• [WHAT IS NEEDED]: All lines from the one holding "Lennon - Rock" to the end of the listing are to be output exactly, both ends included, with any pictures left out.

• [COLLECTED MATERIAL]:

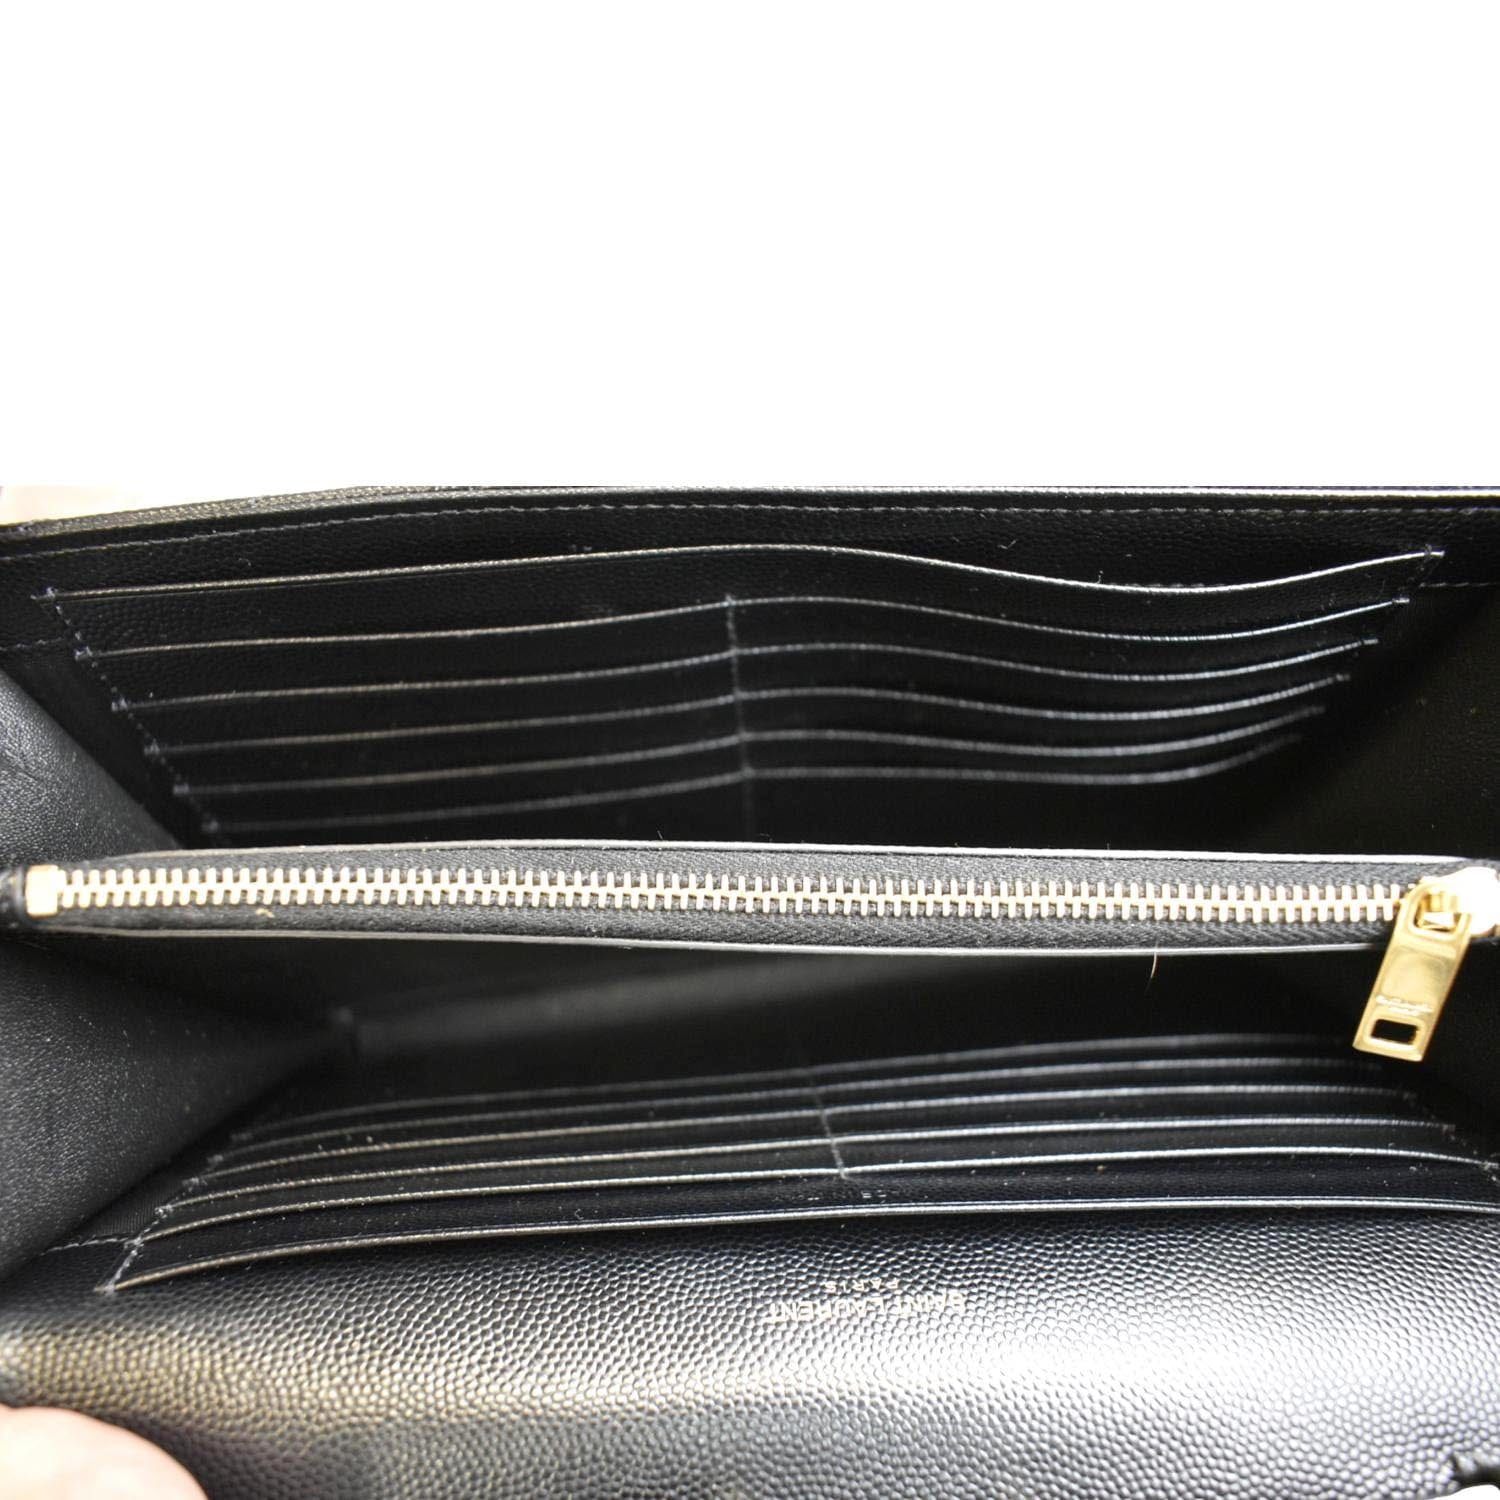 SAINT LAURENT PARIS Shoulder Bag 515822 Chain bag leather Black Silver – JP- BRANDS.com
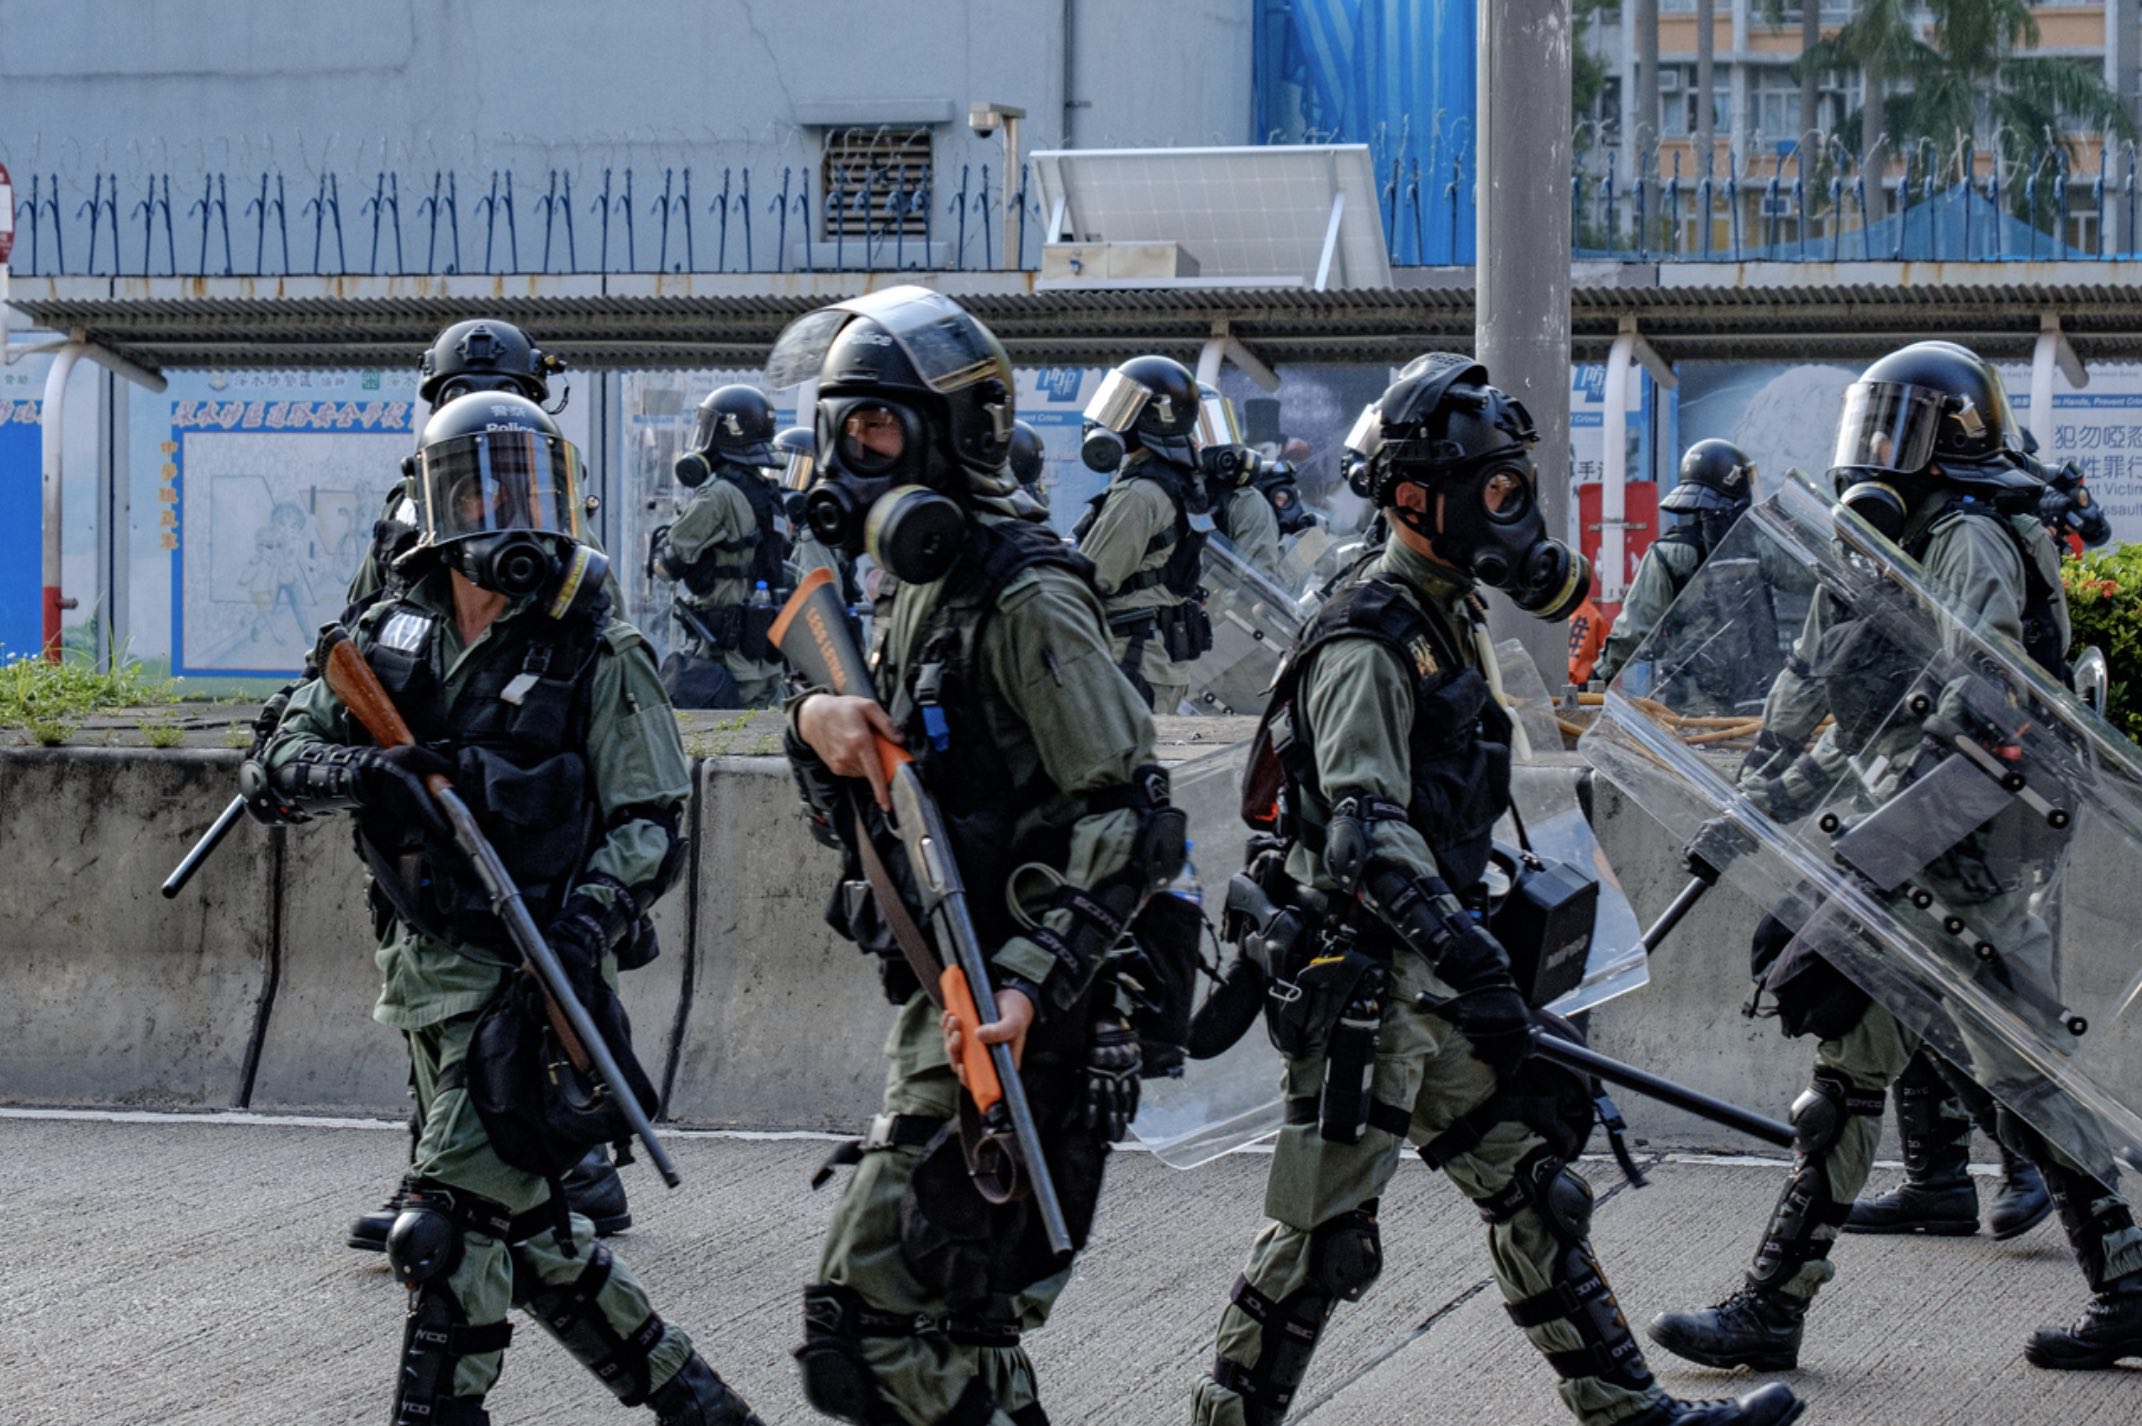 Riot police in Sham Shui Po, October 1, 2019. Photo via Coconuts Media.
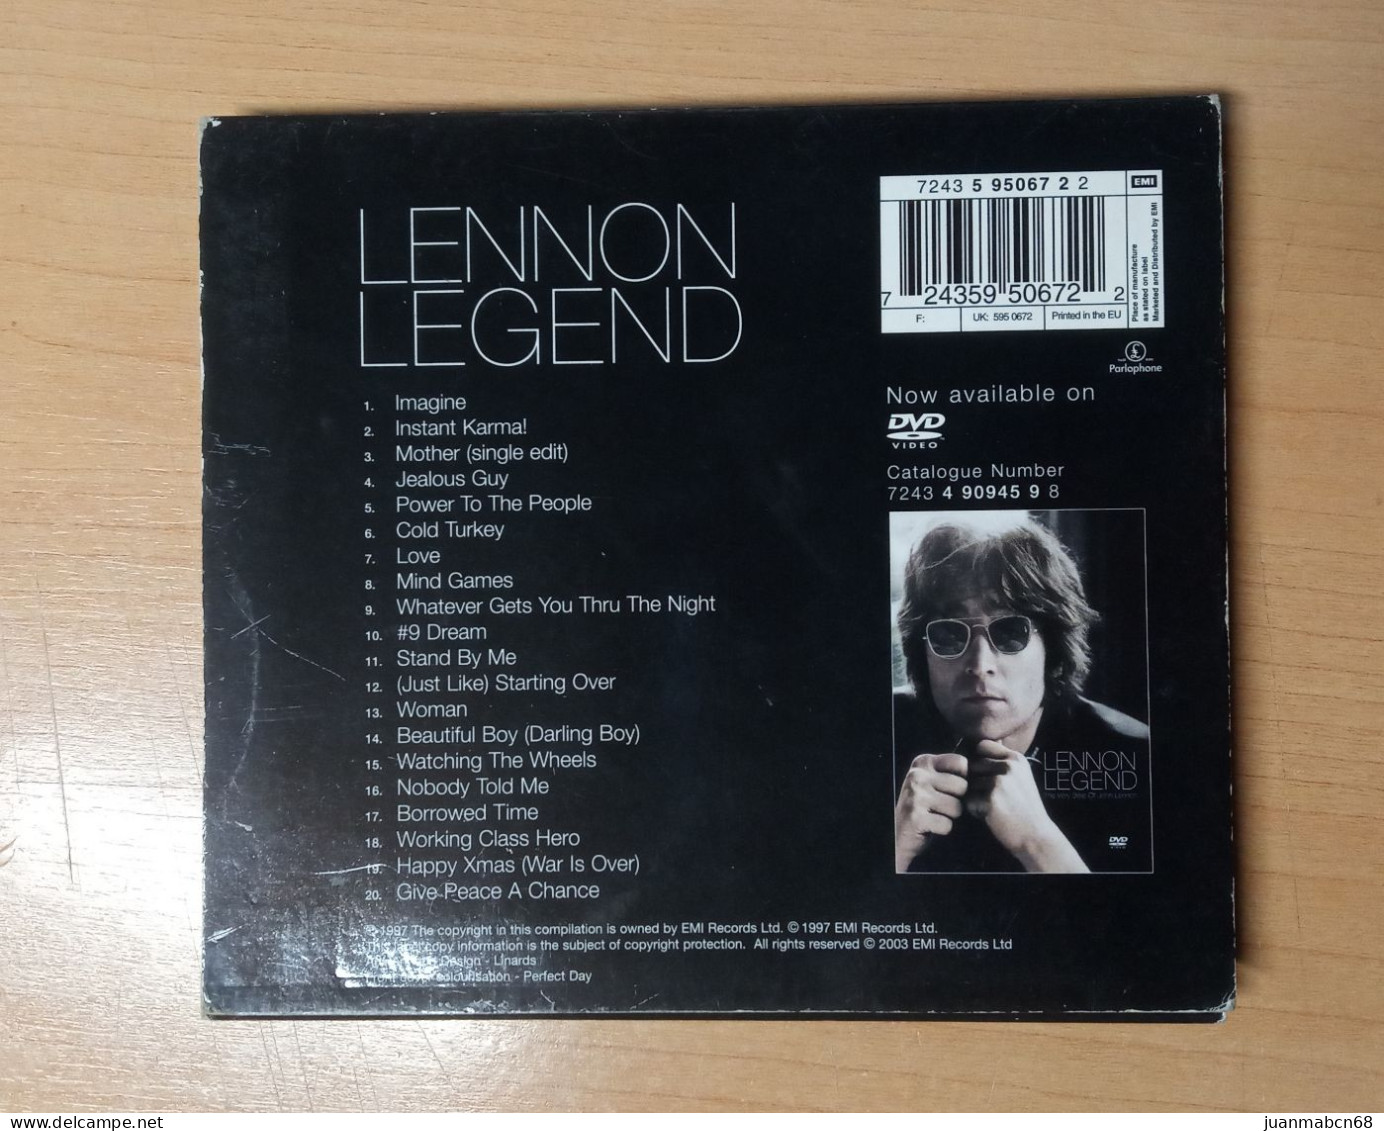 John Lennon -”legend” The Very Best Of John Lennon - Rock
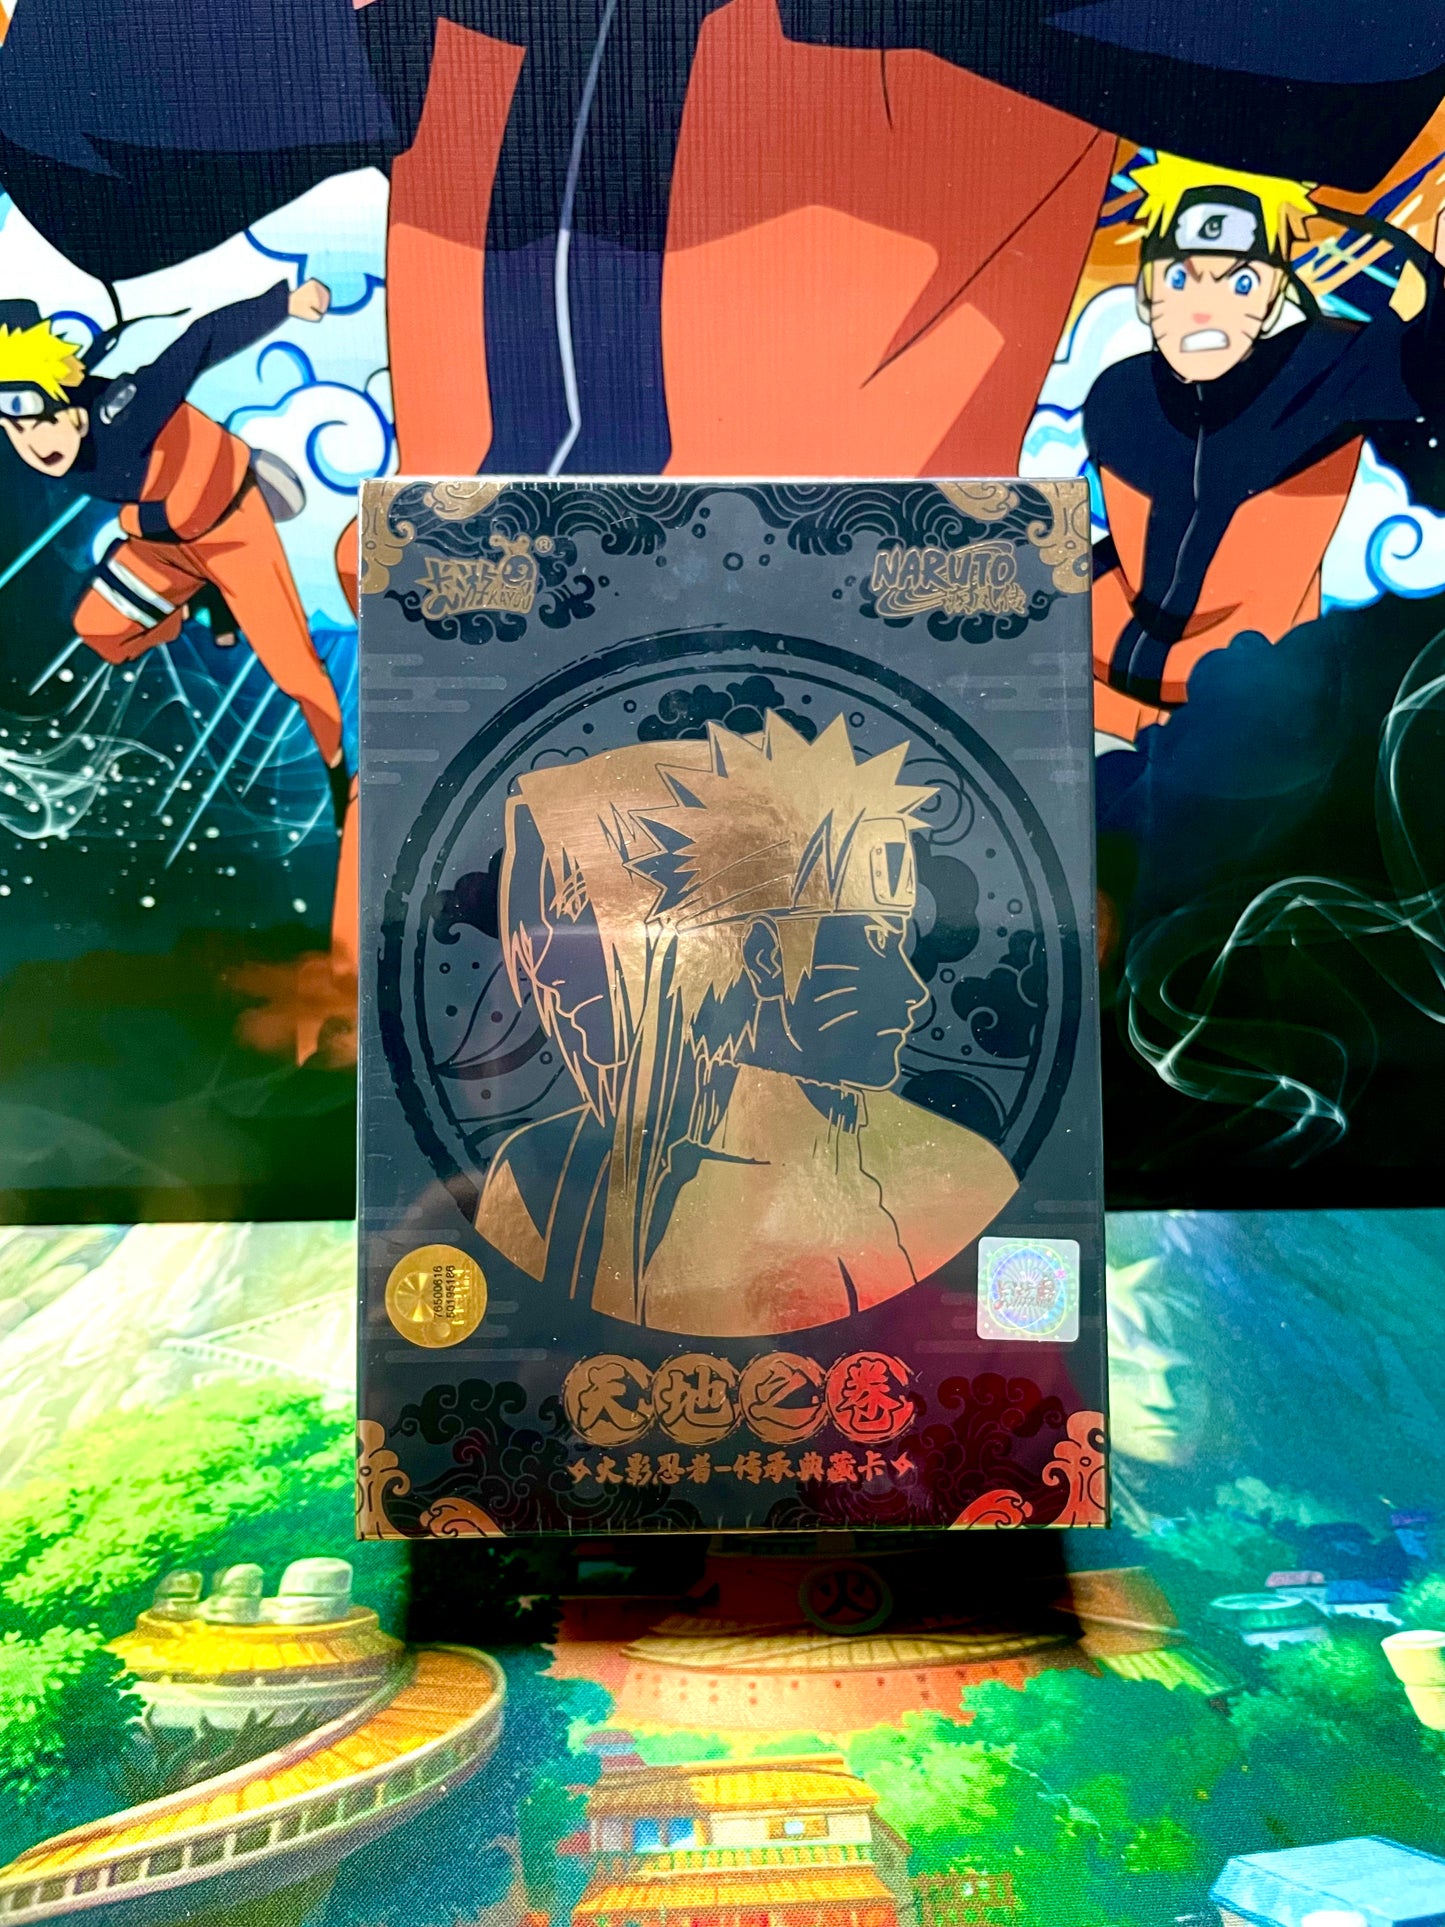 Kayou Naruto Card Original Gift Box Serial

• [RESULT]:
 John Lennon -”legend” The Very Best Of John Lennon - Rock
 Kayou Naruto Card Original Gift Box Serial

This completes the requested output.